But to give a very brief explanation, an RNN can learn to predict (amongst other things):
Which can be read as “The probability of x at time t+1, given the values of x at time 1, time 2, all the way up until time t” (NB. the vertical bar means ‘given’ or ‘conditioned on’ or ‘assuming we know this to be true’ etc.). In other words, the RNN learns (and outputs) a probability distribution for the next item, for a given sequence of items. (This may make RNNs sound a bit like Markov Chains or Hidden Markov Models etc. But they are quite different under the hood and can model much more complex sequences. Some nice experiments here. In fact, RNNs are theoretically Turing complete and hence are now being used in Neural Turing Machines or Differentiable Neural Computers to learn algorithms from data, not just functions).
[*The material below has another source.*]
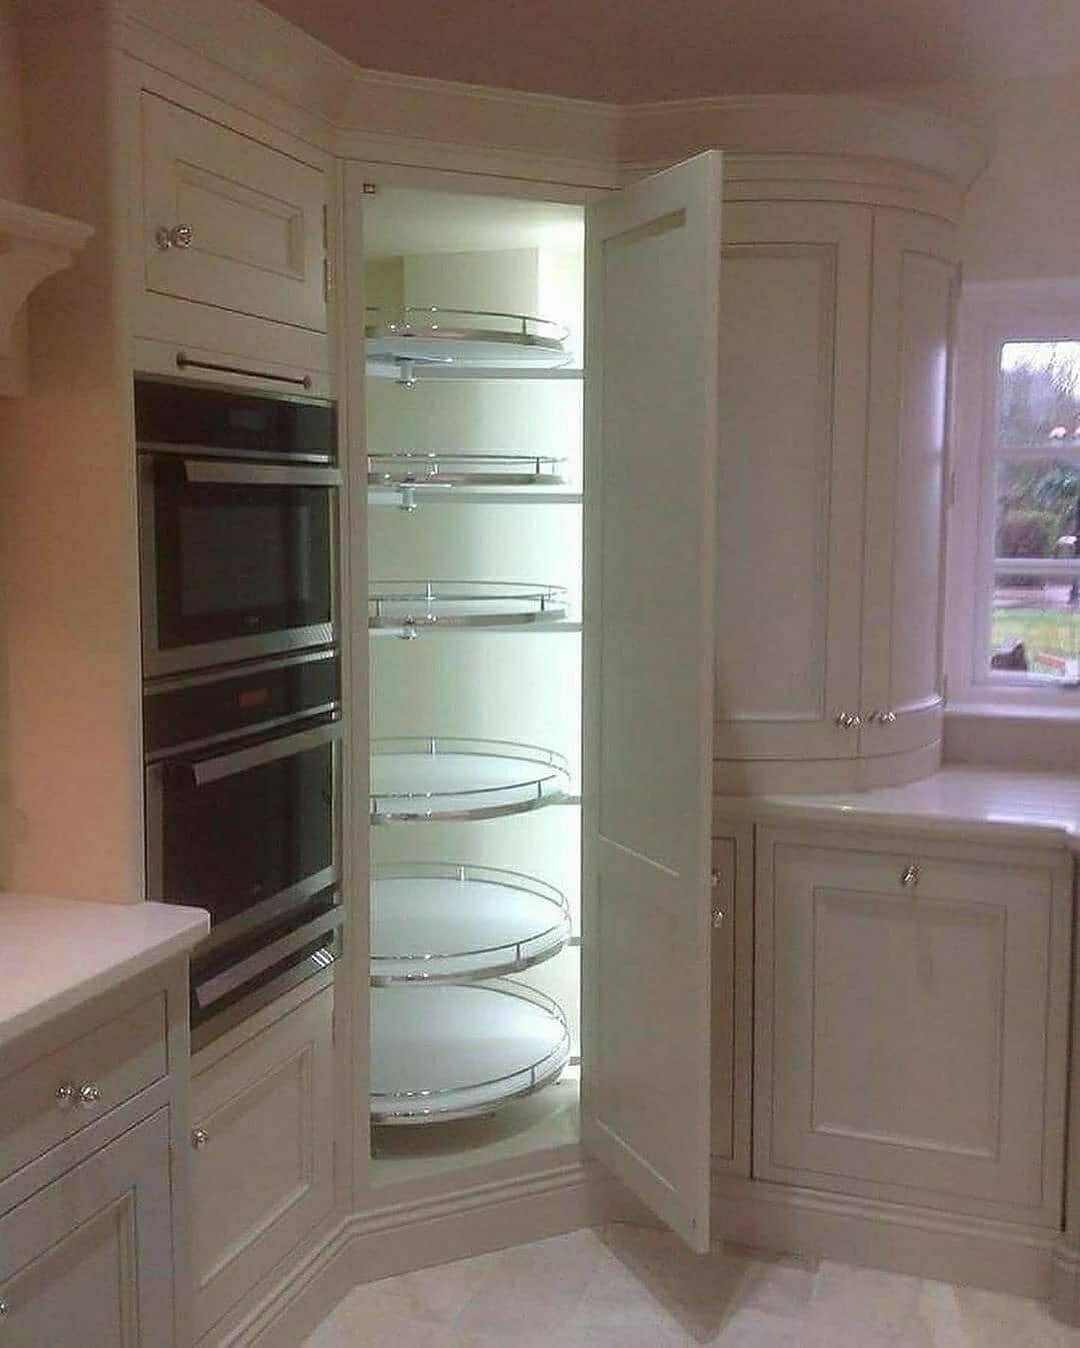 1 290 Curtidas 15 Comentarios عرض عقارتكم Decor Jojo2 No Instagram ارفف التخزين في المطبخ Cozinha Divertida Cozinha

So RNNs have been very successful in generating sequences in domains such as music (Eck2002, Sturm2015), images (Gregor2015), handwriting (Graves2013), speech (Wu2016), choreography (Friis2016) etc. and became very popular in 2015 with Karpathy’s blog post and easy to use open-source implementation char-rnn, and subsequent implementations like torch-rnn.
Overall, the generative process can be summarised as:
- Train an RNN model on a ton of data
- Ask the RNN to generate a sequence. If the RNN hasn’t been trained well, it well generate junk. If it has been trained well, it will generate a sequence in the ‘style’ of the data that it has been trained on. I.e. if you train an RNN on folk music, it will (at best) generate folk-y music, not classical music (NB. if you train an RNN on both classical and folk music, it may just generate some kind of bland mushy mix of the two. If you’ve done well, it may be able to generate both, more on this later when I talk about ‘priming’).
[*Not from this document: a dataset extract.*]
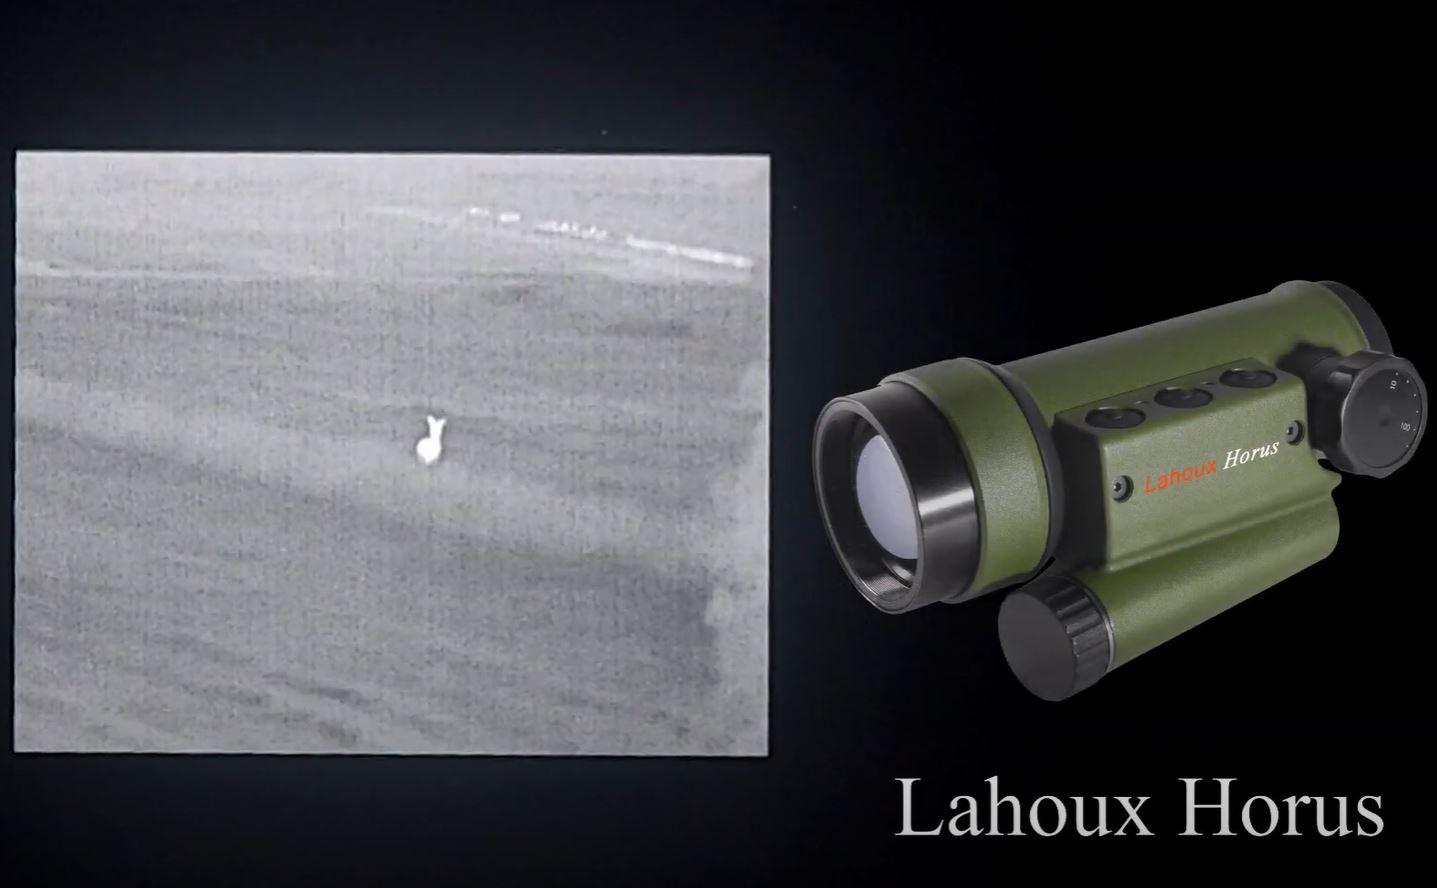 Lahoux Horus - Aufnahmen

Currently, a lot of the applications which work with such systems are not real-time, let alone interactive, let alone expressively interactive. I.e. you tell the system to generate a sequence, e.g. some music or text, and after waiting some time (ranging from a few seconds to a few minutes) you get back a sequence, e.g. a few seconds or minutes of music, or a few words or sentences or paragraphs of text.
One thing that I’m interested in, is how can I, a human user, interact with the generative process, and steer or control it while it’s generating. I want to be in control, and respond to the generative process in real-time. In this particular case, I want to be able to control the style of the output as it’s being generated. I want to be able to play the system like a piano, or at least, ‘conduct’ it.
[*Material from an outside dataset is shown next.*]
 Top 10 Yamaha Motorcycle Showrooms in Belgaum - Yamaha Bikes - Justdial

There are many ways one could approach this problem. I wrote about one possible method using an agent (e.g. I tried an agent driven by MCTS, I’m also looking at Reinforcement Learning, which Karpathy also has a great post on :). Another method is to use something colloquially referred to as ‘priming’ — which I have also tried and will write about in another post.
In this particular project I tried using an ensemble of models trained on different data-sets.
An ensemble basically means a bunch of models. Usually one would train a bunch of different models, maybe different architectures for each model, maybe even different learning algorithms altogether. The idea being that when the time comes to make a prediction, all of the models are fed the new input, and they are all asked to make a prediction. Then through a kind of ‘voting’ process, the outcome of all of the models are averaged. E.g. if we were working on an image recognition system, and we trained 10 models, each using different architectures and methods, then if 8 of those models predicted that a particular image was of a cat, and the other two models predicted that it was of a dog, then we can be a bit more confident that the image is indeed that of a cat.
In this case, I trained a bunch of models, each on an entirely different data-set, and looked into mixing their predictions. This also ties in nicely with calculating a joint distribution given a marginal distribution of styles.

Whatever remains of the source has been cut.